WHAT IS NEEDED:
Nothing but the lines from the one containing "Piglet and Excavator" to the end of the data should be copied, exactly, and the pictures stay out.

DATA BELOW:
**********

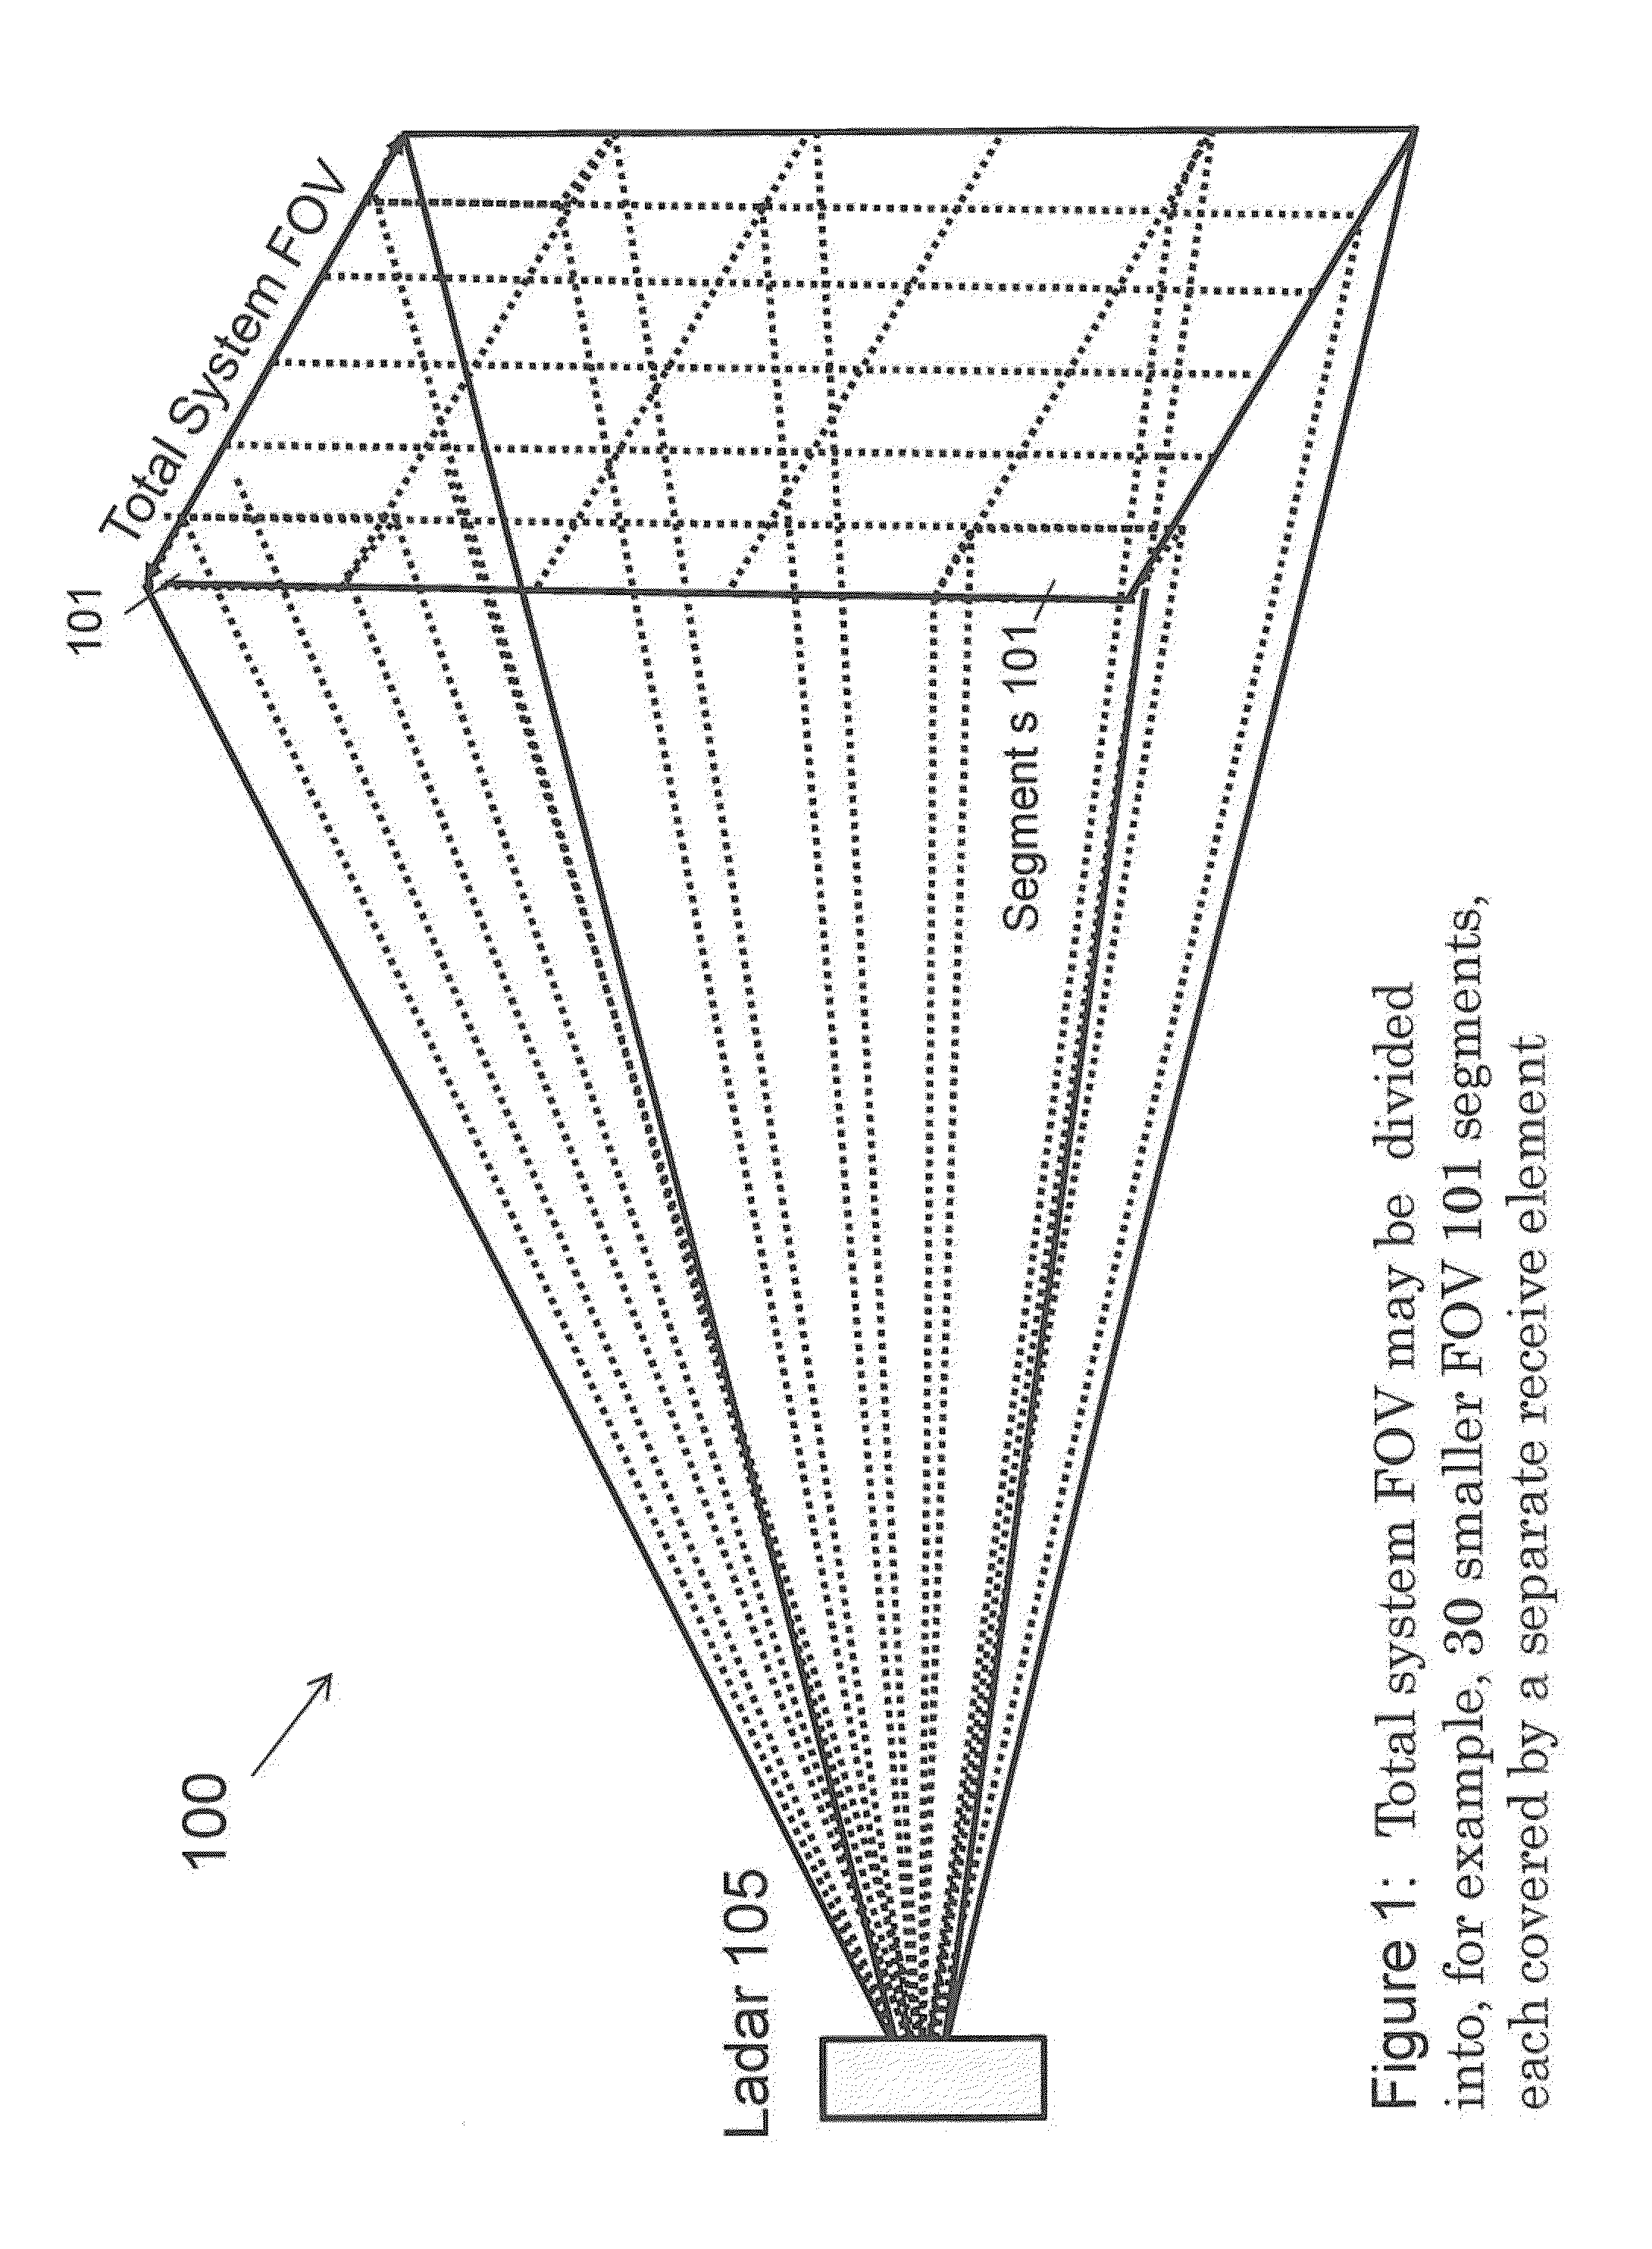 System for laser detection with enhanced field of view
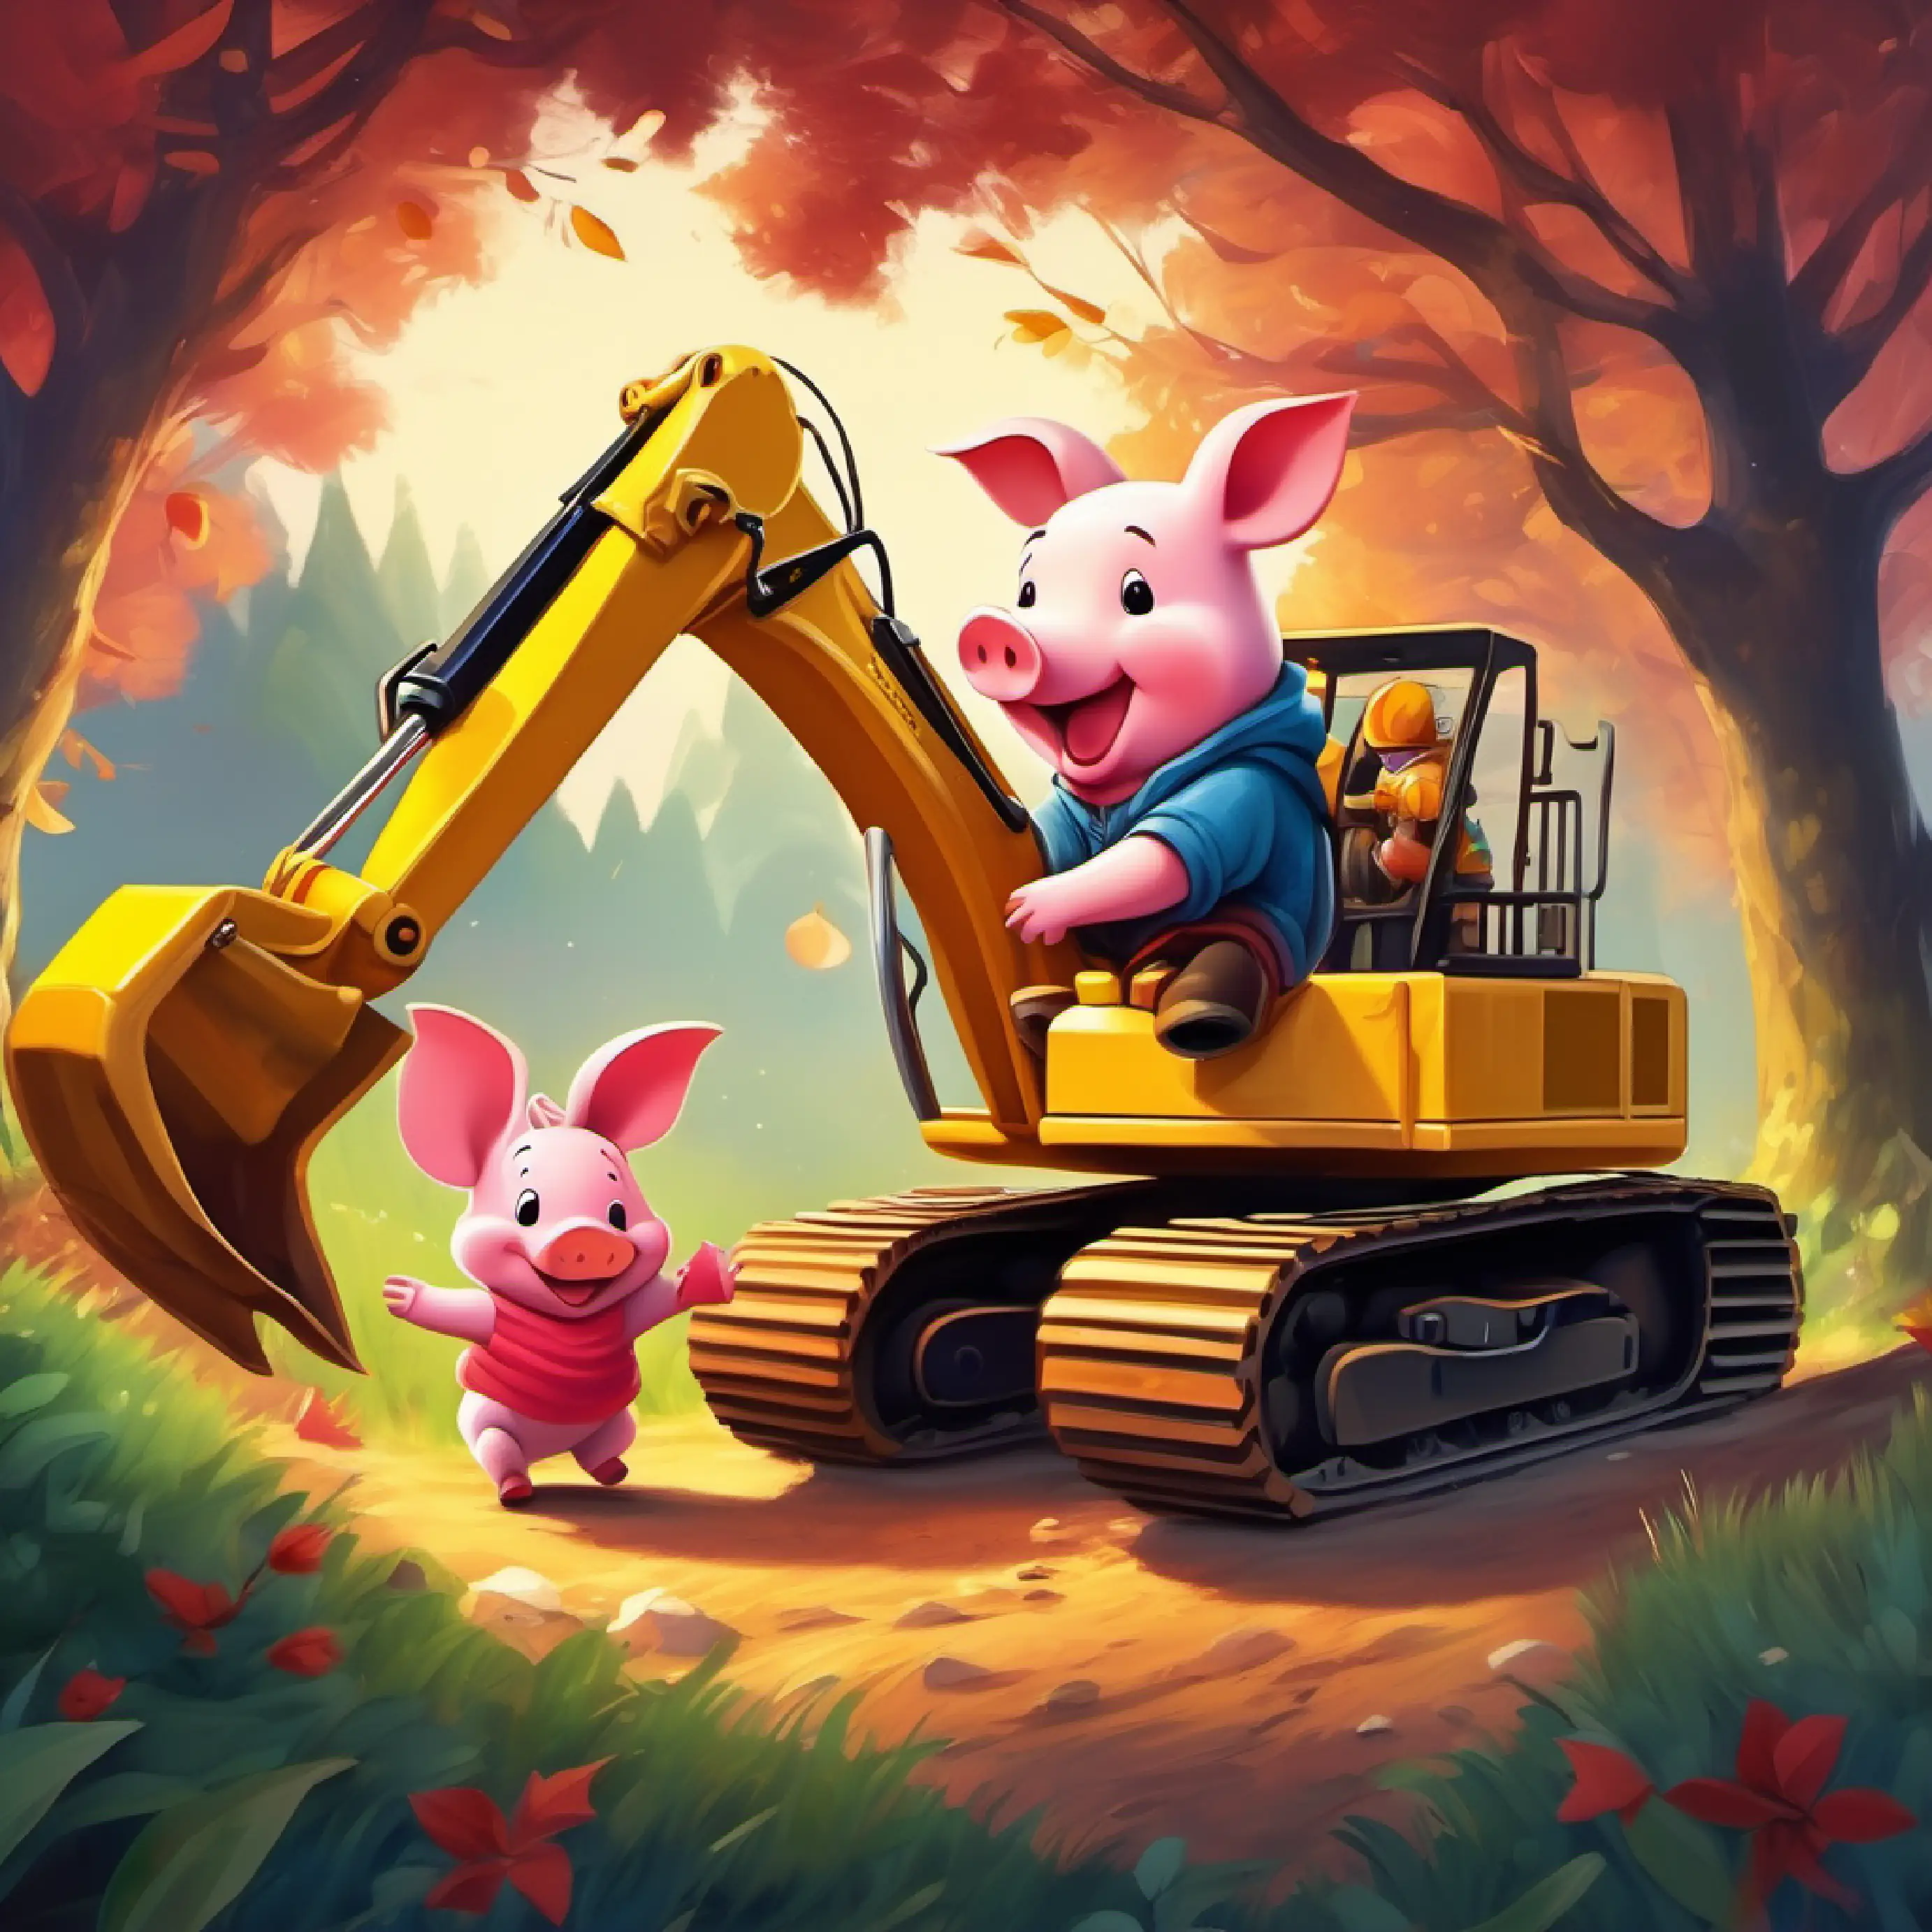 Piglet and Excavator are happy and having fun.
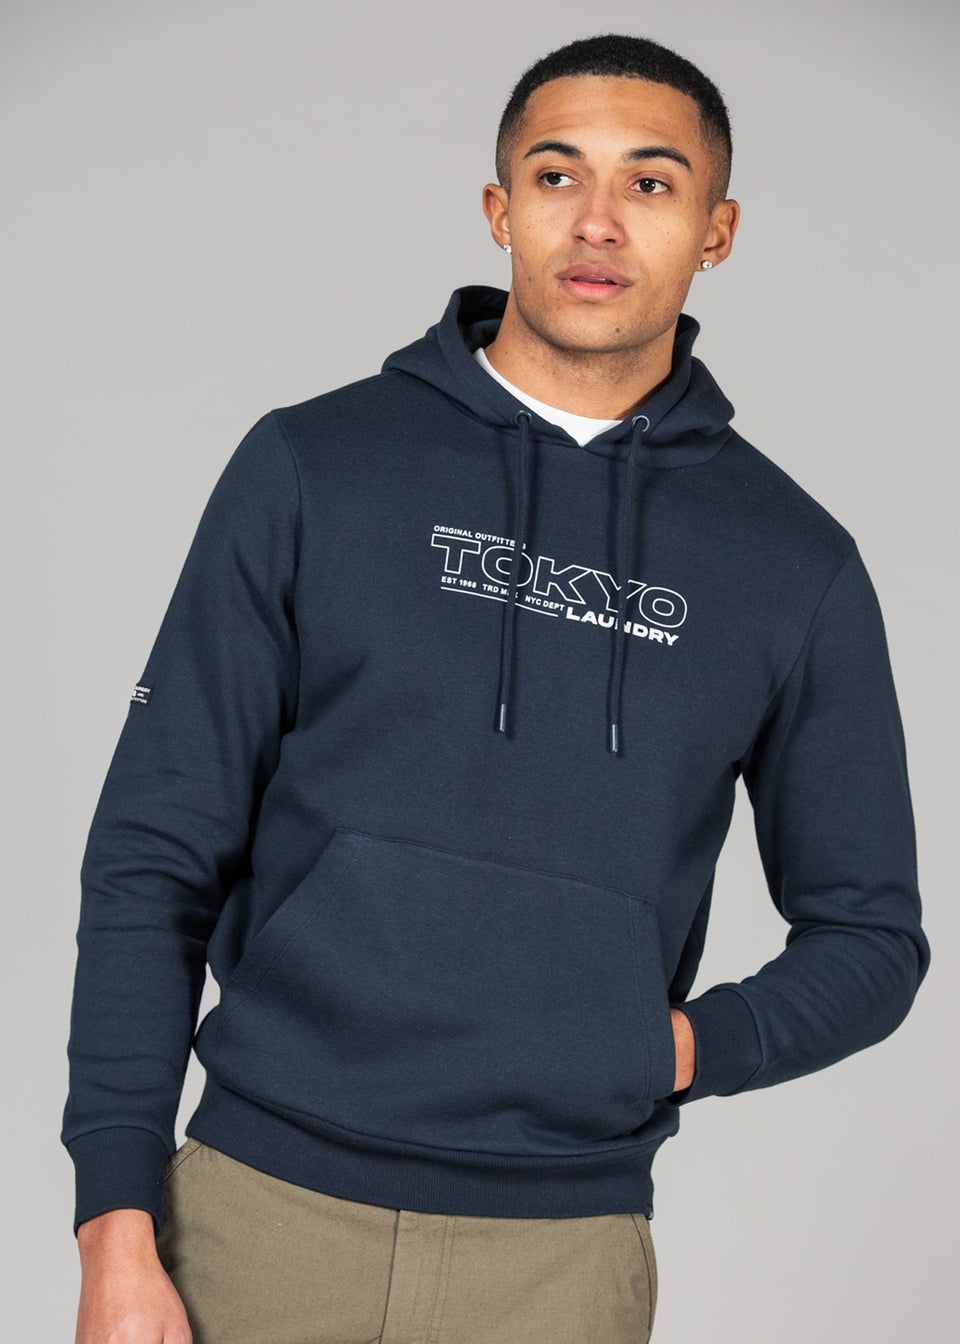 Tokyo Laundry Navy Cotton Blend Hoody with Branding Print

**********

SOLUTION:
 Piglet and Excavator are happy and having fun.
 Tokyo Laundry Navy Cotton Blend Hoody with Branding Print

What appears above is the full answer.